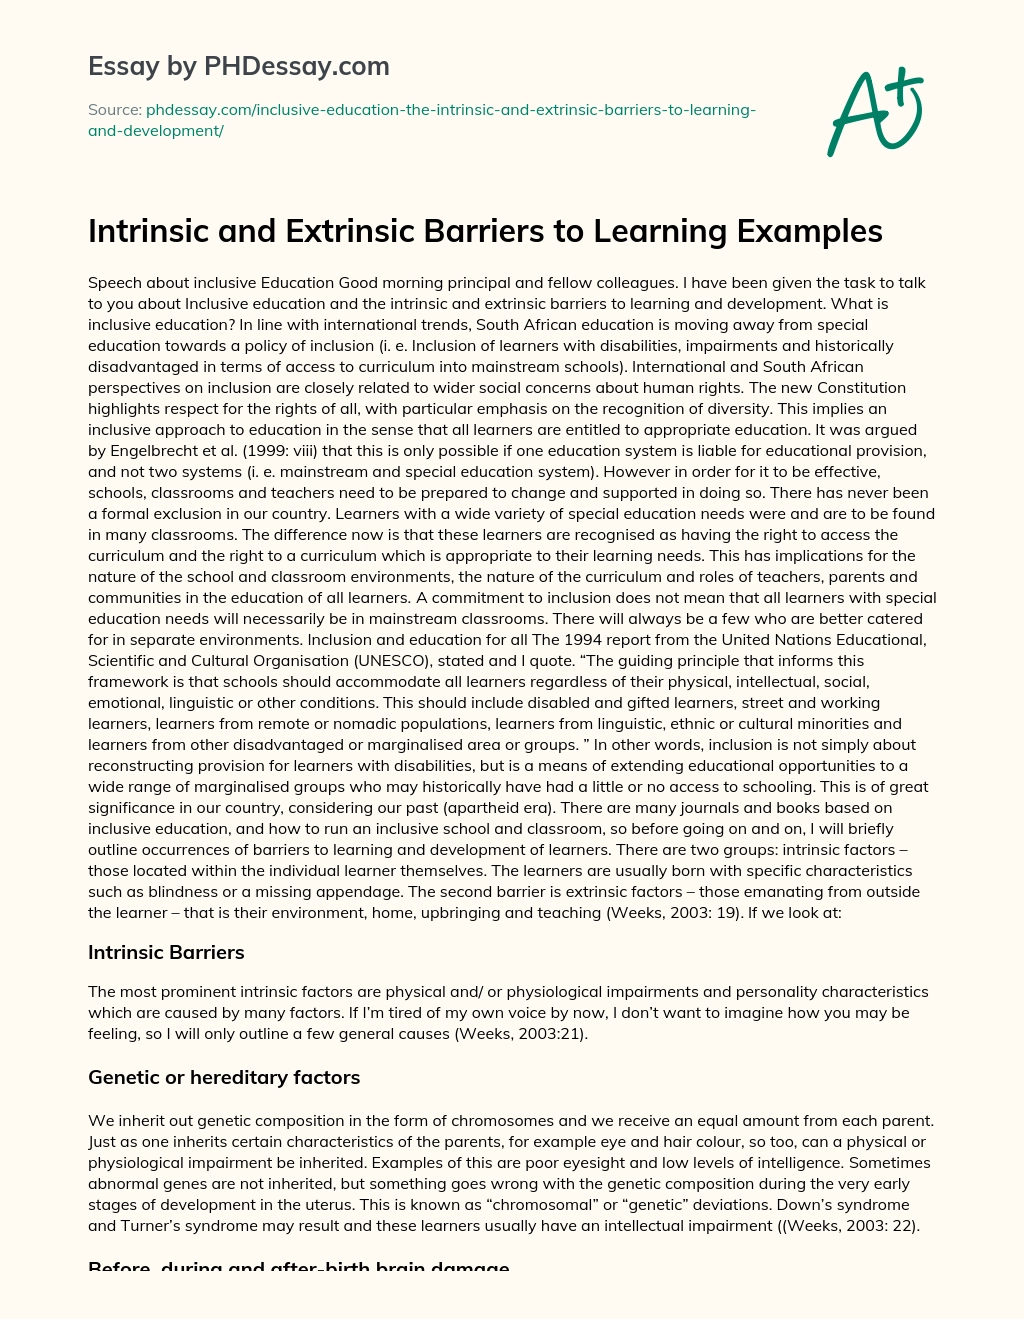 Intrinsic and Extrinsic Barriers to Learning Examples essay
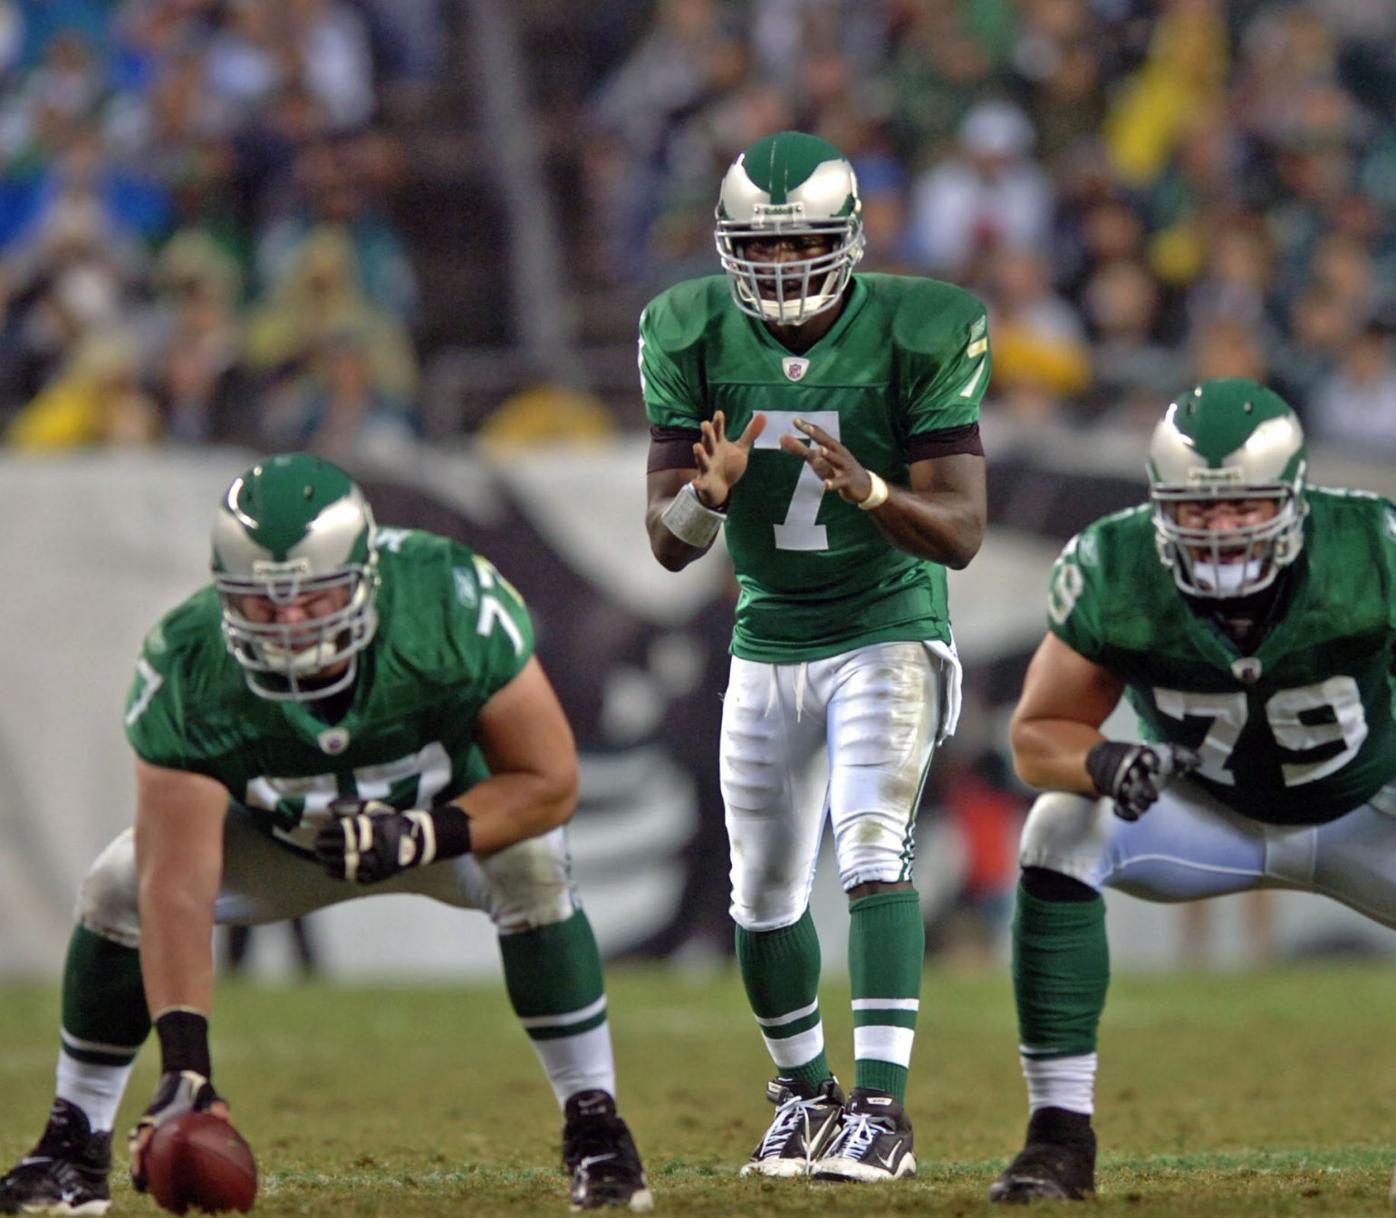 Eagles owner Jeffrey Lurie wants his team to wear Kelly green, NFL
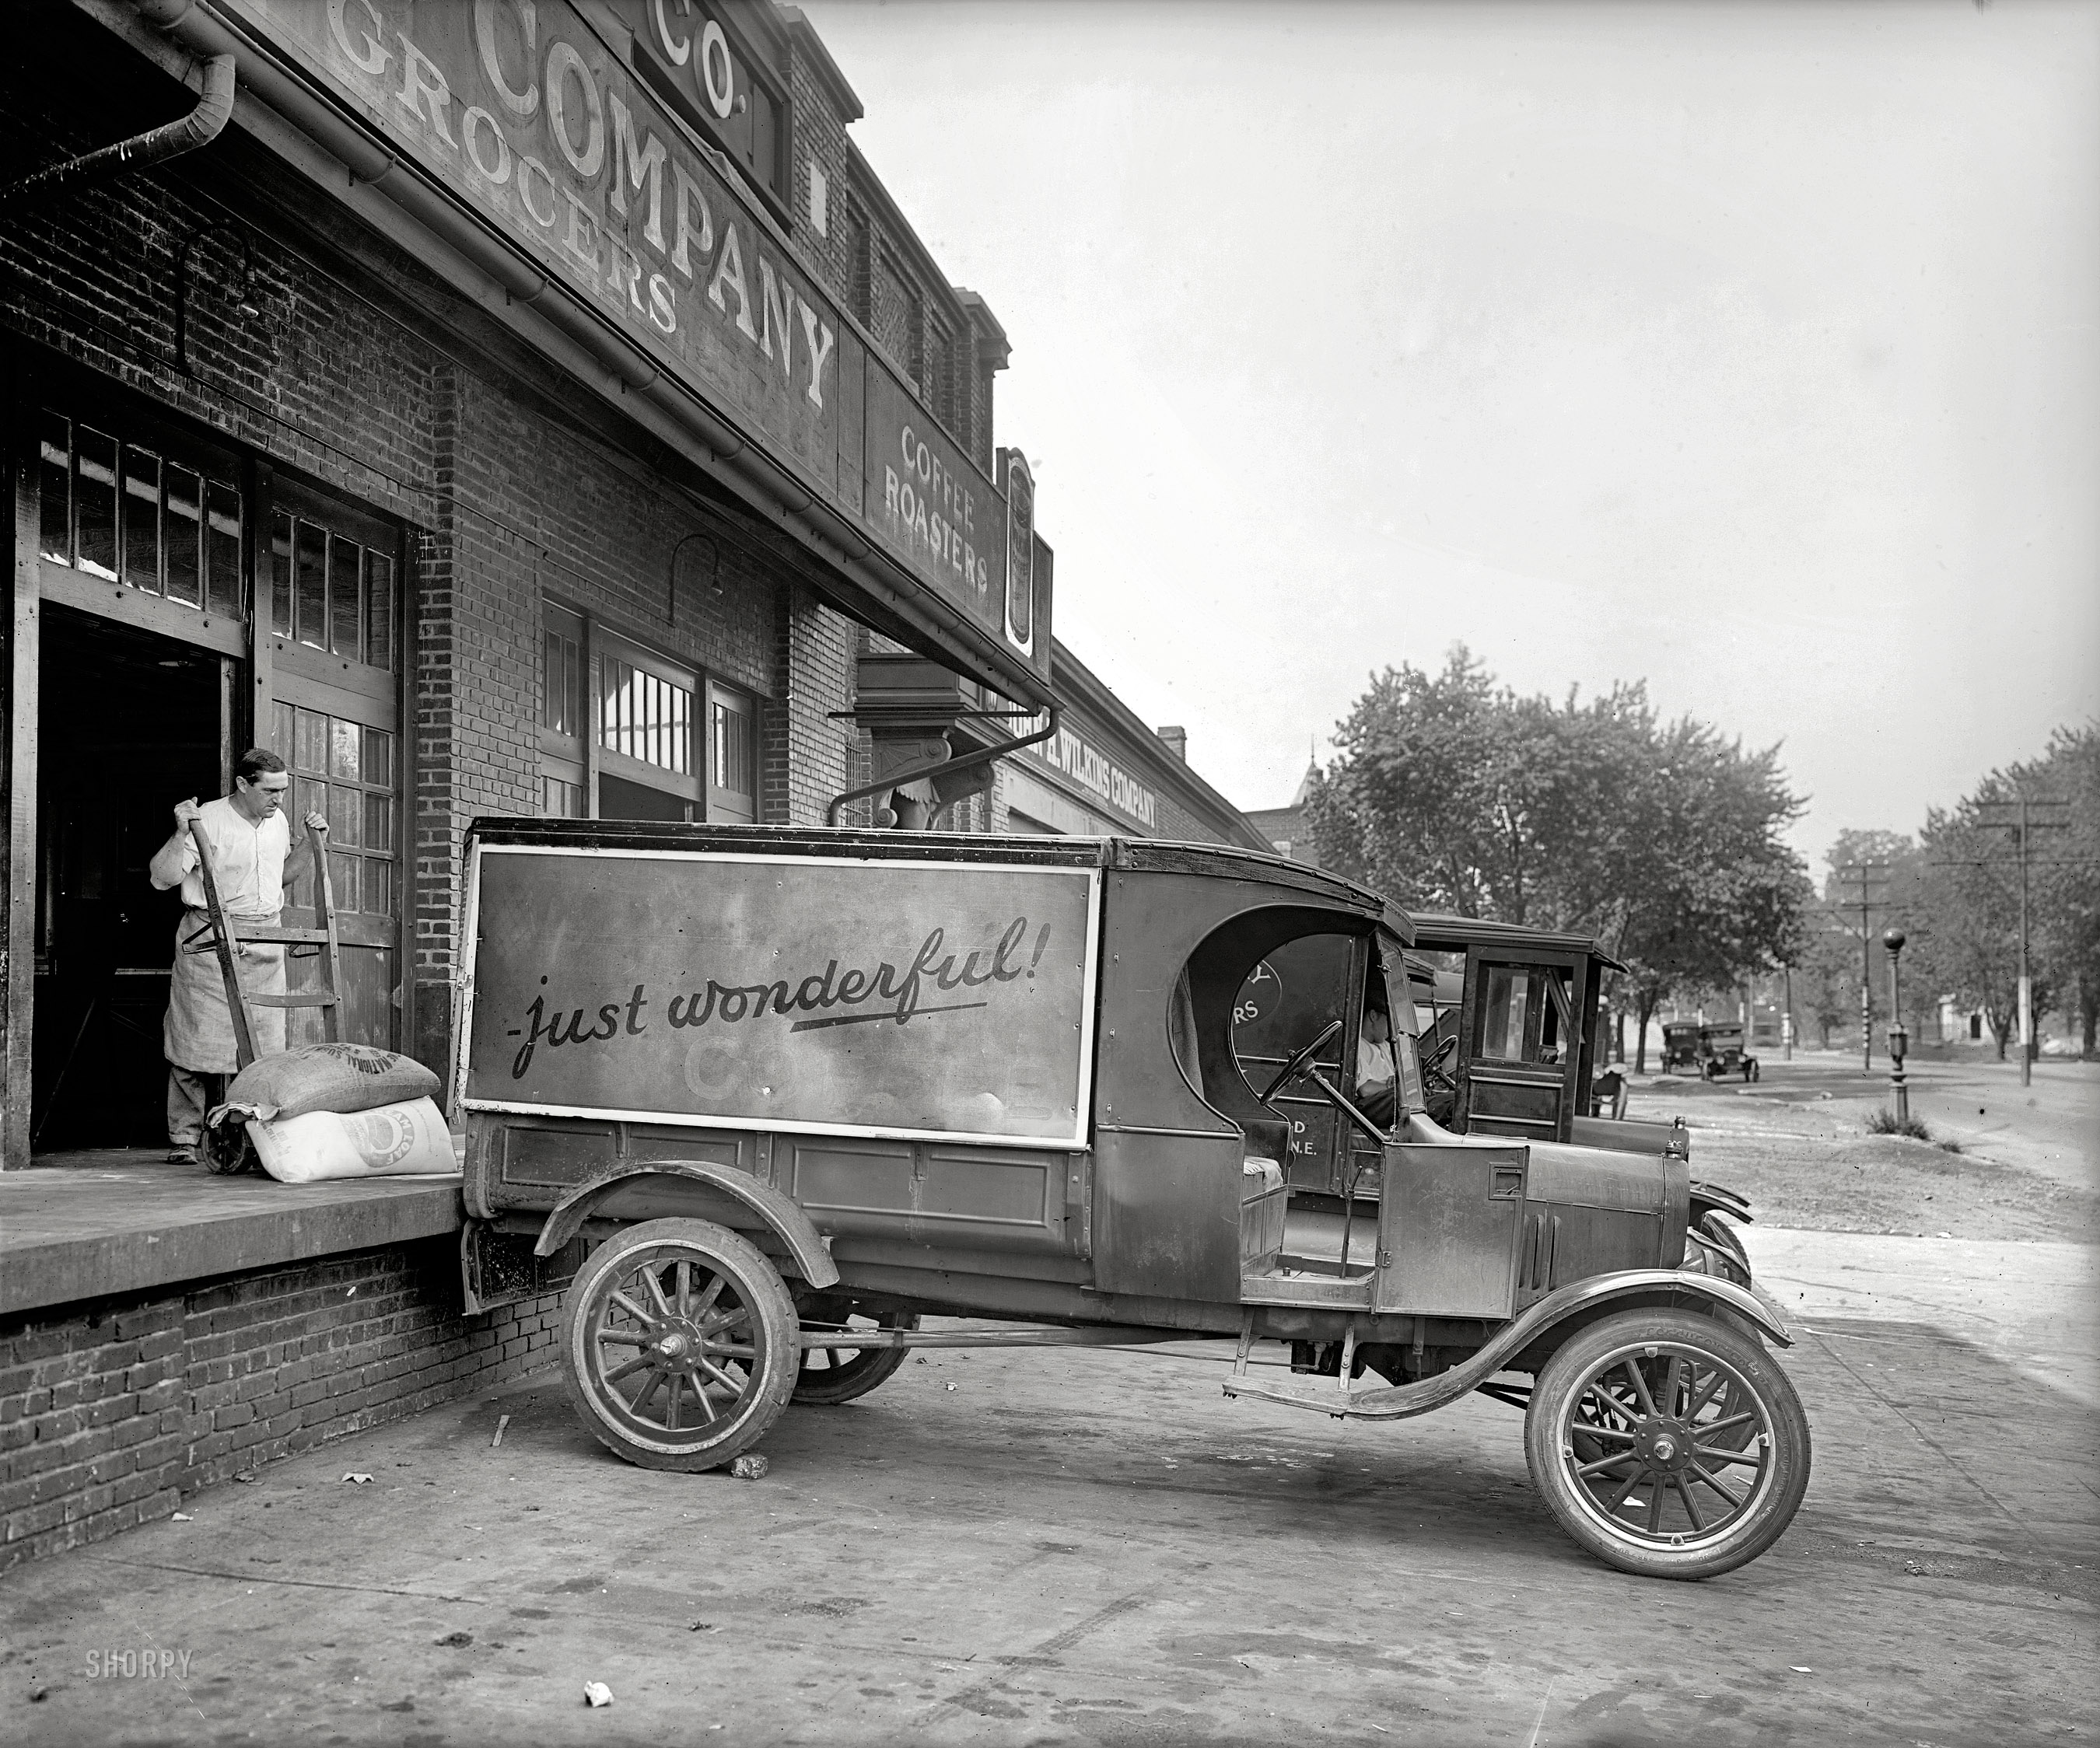 Washington, D.C., circa 1925. "Ford Motor Co. truck, John H. Wilkins Co." National Photo Company Collection glass negative. View full size.

What you need to do: Using the material above, set down every line exactly, but skip the pictures.

Output for this exercise:
 Intrinsic and Extrinsic Barriers to Learning Examples essay
 Eagles owner Jeffrey Lurie wants his team to wear Kelly green, NFL
 Washington, D.C., circa 1925. "Ford Motor Co. truck, John H. Wilkins Co." National Photo Company Collection glass negative. View full size.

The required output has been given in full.